Law Professor Emerita Martha Morgan said: “The walls that are keeping nonviolent Alabamians in prison and unnecessarily and excessively exposing them to the coronavirus must come down. The State of Alabama has a responsibility to those individuals in its custody. By knowingly exposing nonviolent offenders, some of whom have not been convicted at all, of the coronavirus Alabama is intentionally placing them at risk of death.”

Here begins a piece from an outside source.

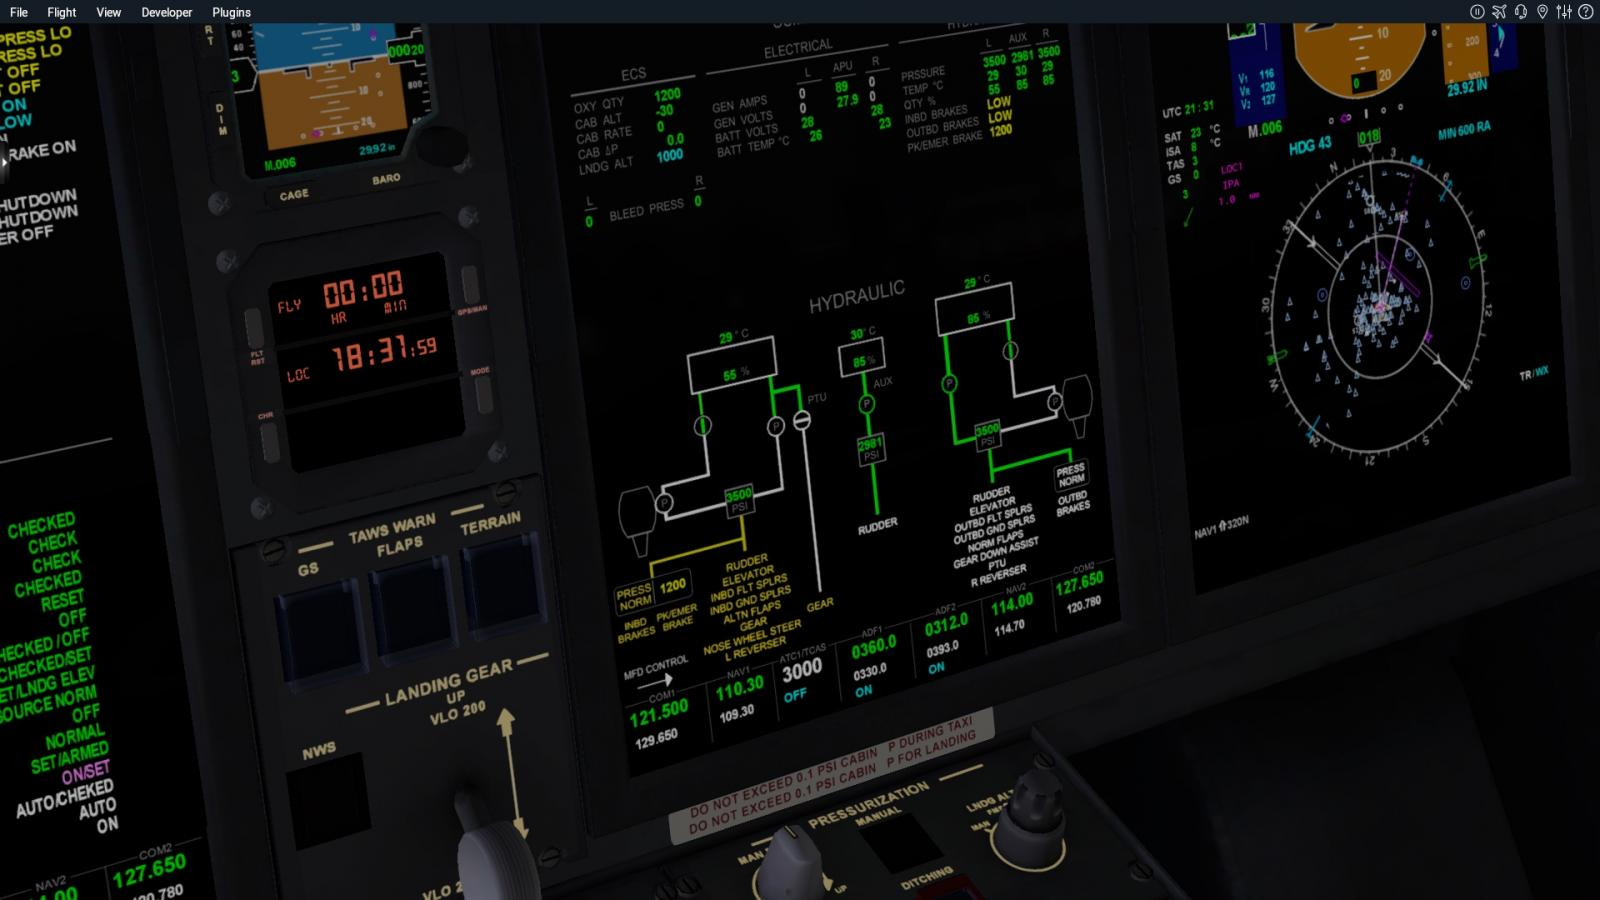 Bombardier_Cl_300_1.thumb.jpg.d40abac30a8dccae2d8a278e5abb145b.jpg

 Community Advocate Karen Jones, who drove the lead vehicle in the Caravan, said: “The walls that prevent testing for the COVID-19 virus of those who are most in need must come down. This Jericho Walls ‘Caravan for Alabama Lives’ is in recognition and symbolism of the deadly reality facing Alabamians. We released the black and white balloons today at the press conference in recognition of the lives lost and the lives in jeopardy in Alabama right now. The risk remains and could grow the coming weeks, and we cannot wait any longer for the state to act. The lives and health of too many Alabamians have already been lost and even more are in danger.”